I propose, to improve the implementation of switchCase using your approach and not to keep the old one conccurently. Later we can decide if we want to rename it and maybe deprecate the old name.

BTW: Since this is the work horse of Std::variant I also tested other implementations. One can often read that, if the cases are simply 0,...,n, this is best implemented using a classical switch ... case ... statement because compilers are tuned to optimize this (e.g. using bisection). However, my measurements did not reveal any difference to the current solution. Also you must hardwire an upper bound.

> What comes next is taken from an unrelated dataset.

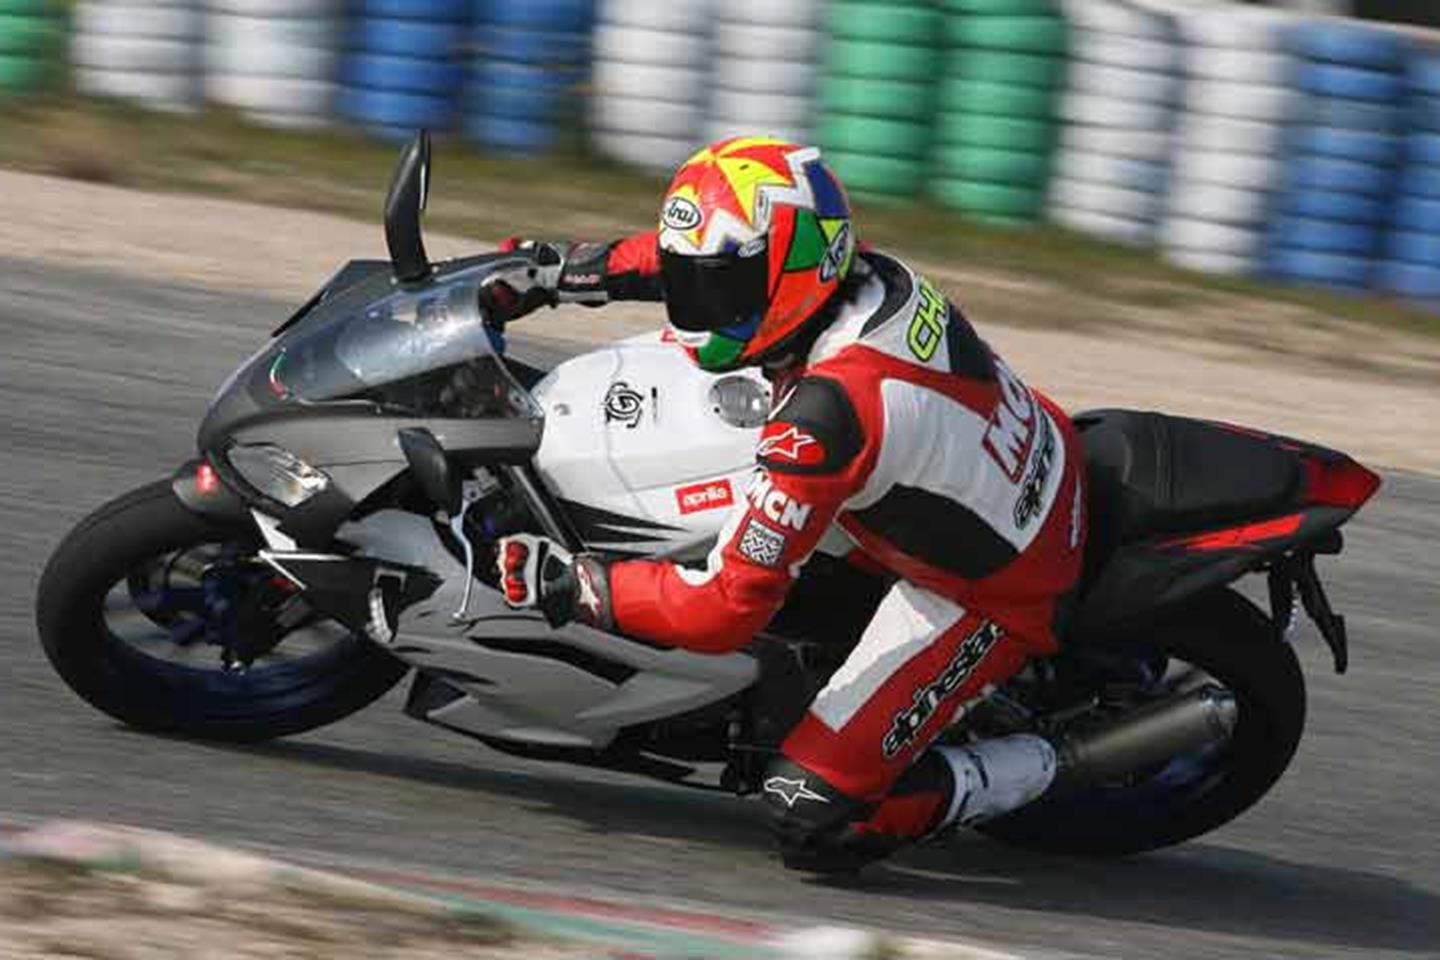 Aprilia RS125 ridden on track with knee down. What a great 125

Maybe one should also benchmark the new implementation. Here the direct access and dispatch of a function pointer competes with inlining at the price of several (maybe log(n)) comparisons. I've no idea which is better. In fact I don't want to bother and think the compiler vendor should know best, i.e. this is IMHO missing in the STL.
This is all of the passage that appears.